DATASET EXTRACT:
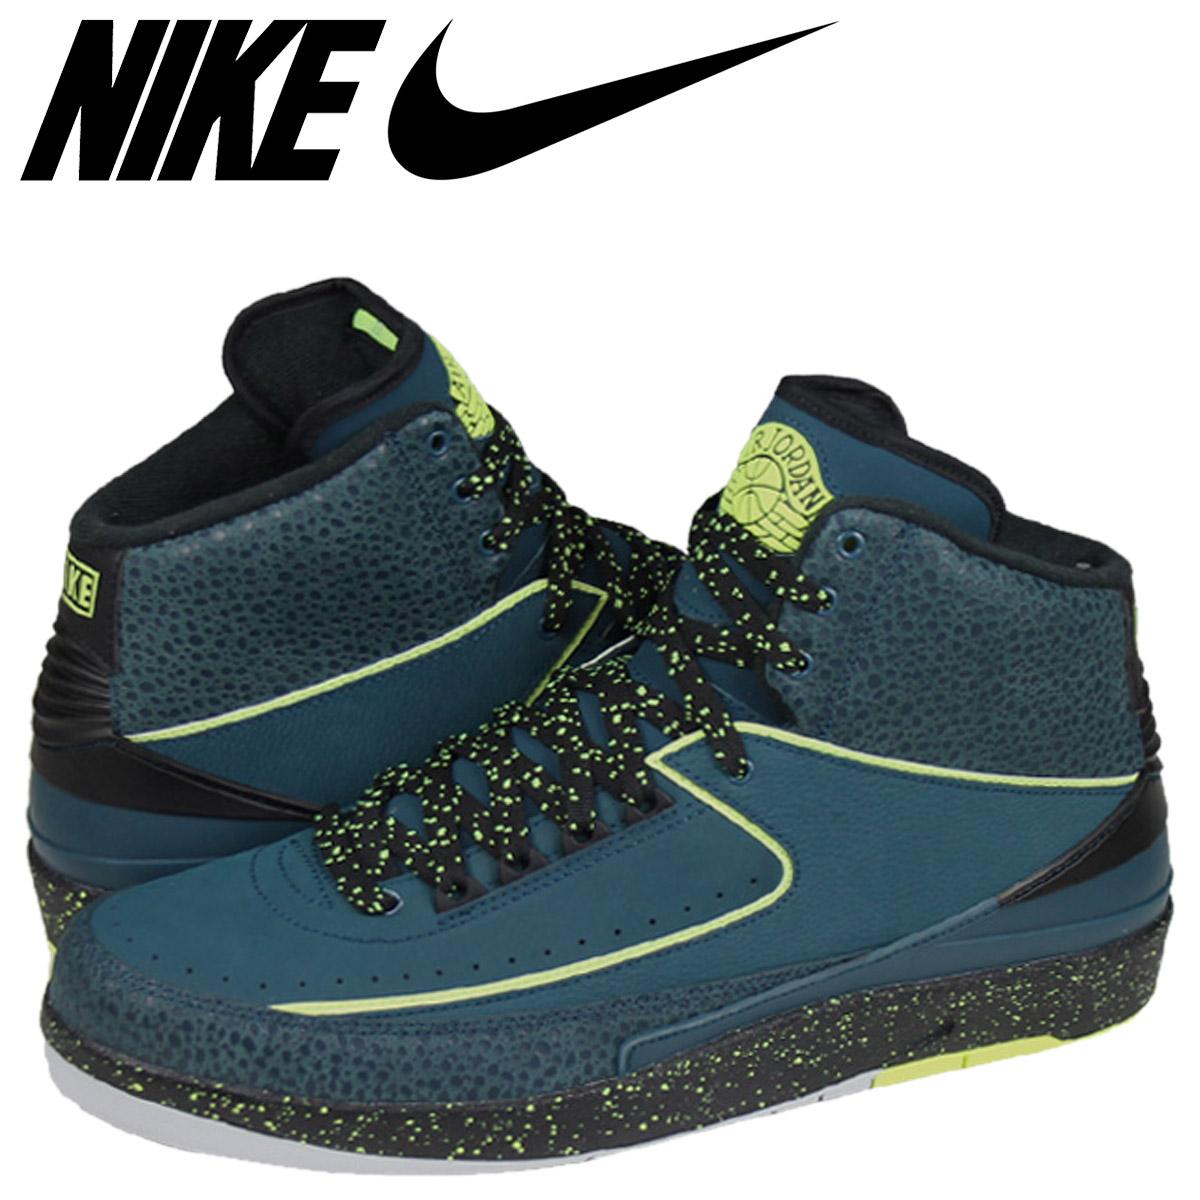 promo code 18746 d9440 NIKE Nike Air Jordan sneakers AIR JORDAN 2 RETRO Air Jordan 2 retro 385475  - 303 green mens
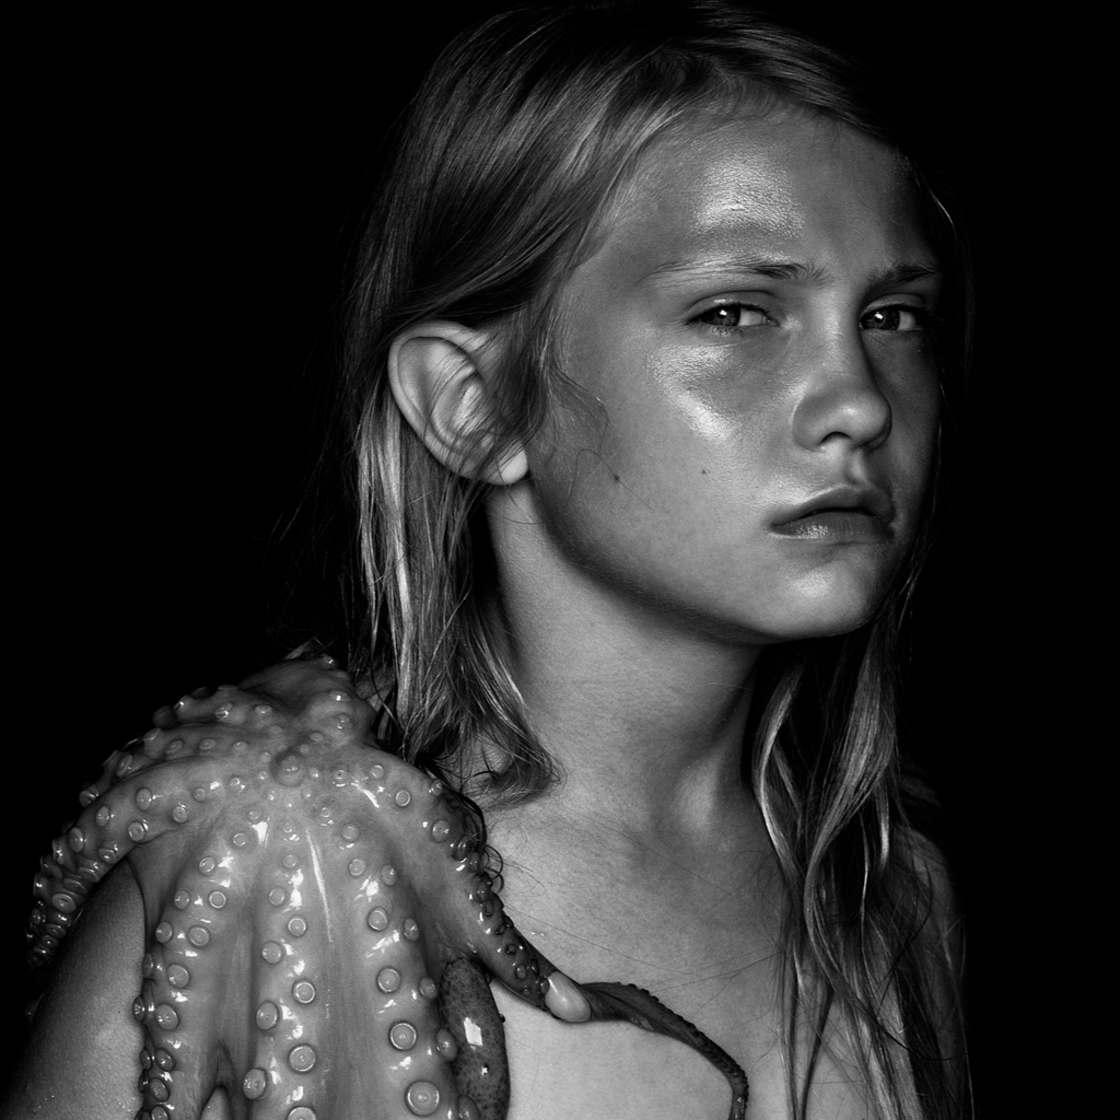 © Anna Ajtner
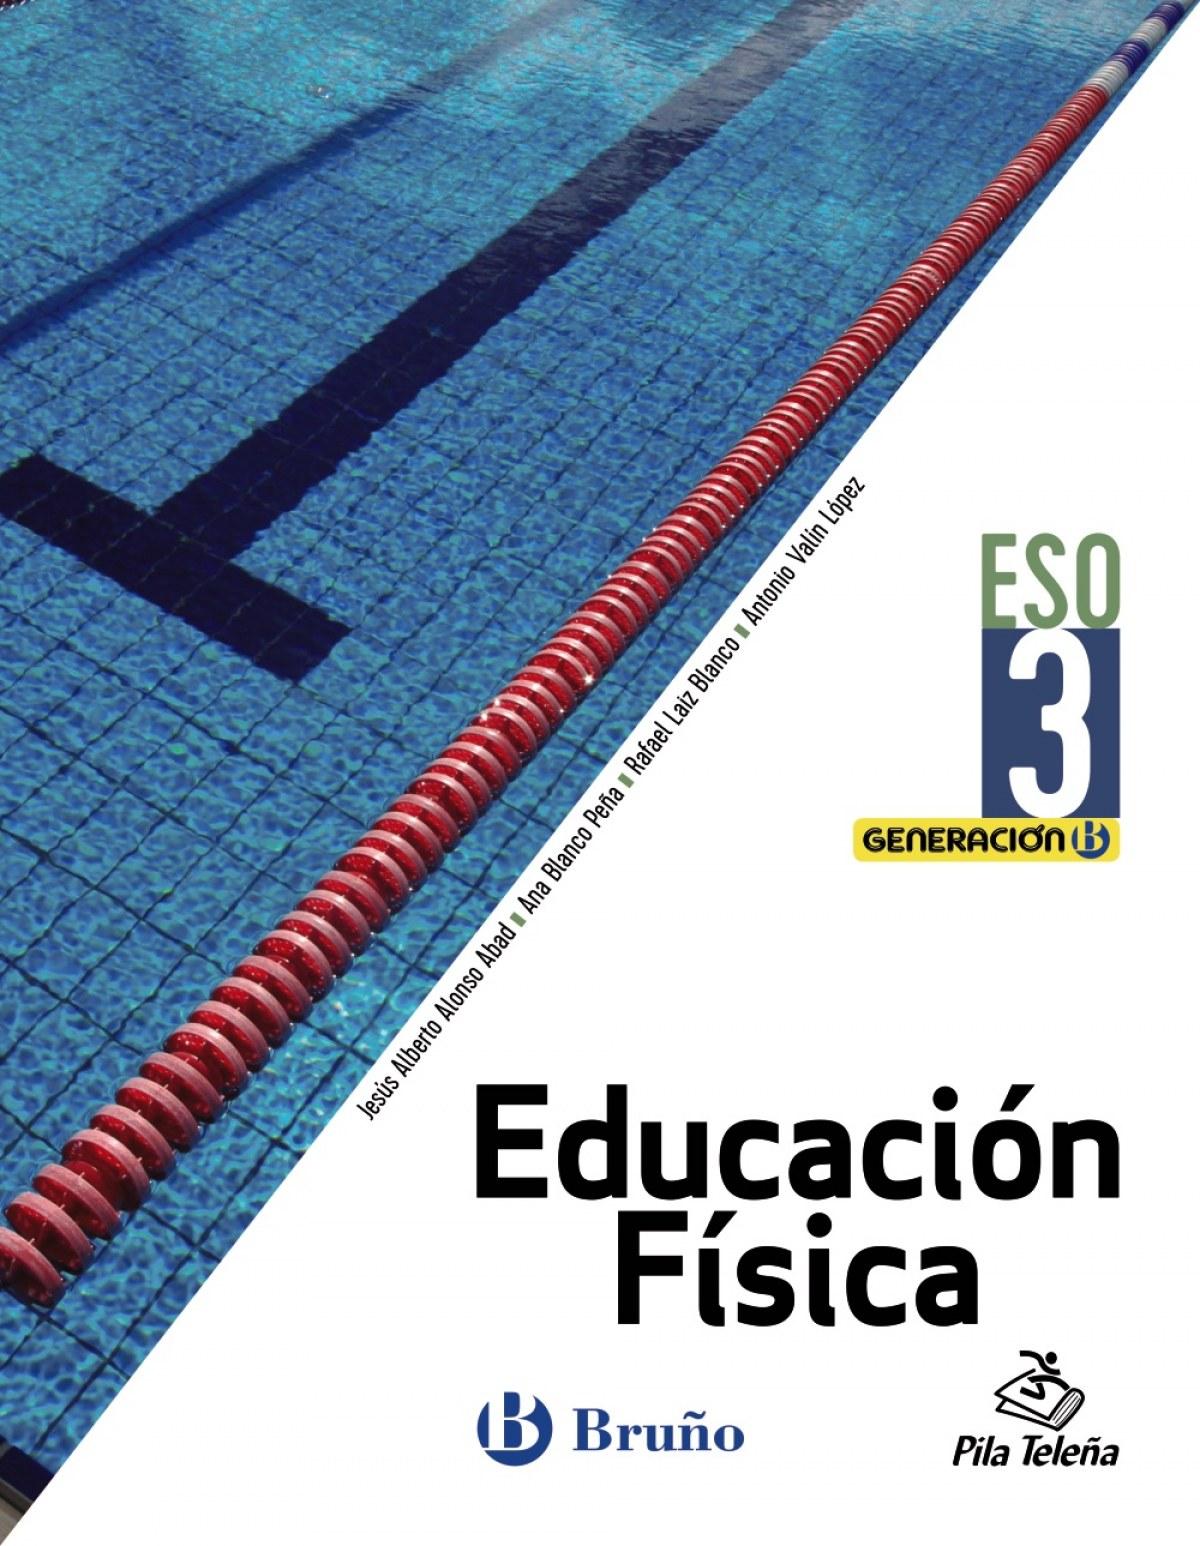 Generación B Educación Física 3 ESO

TASK DETAILS:
Output the data above exactly; pictures do not belong in the copy.

OUTPUT FOR THIS TASK:
 promo code 18746 d9440 NIKE Nike Air Jordan sneakers AIR JORDAN 2 RETRO Air Jordan 2 retro 385475  - 303 green mens
 © Anna Ajtner
 Generación B Educación Física 3 ESO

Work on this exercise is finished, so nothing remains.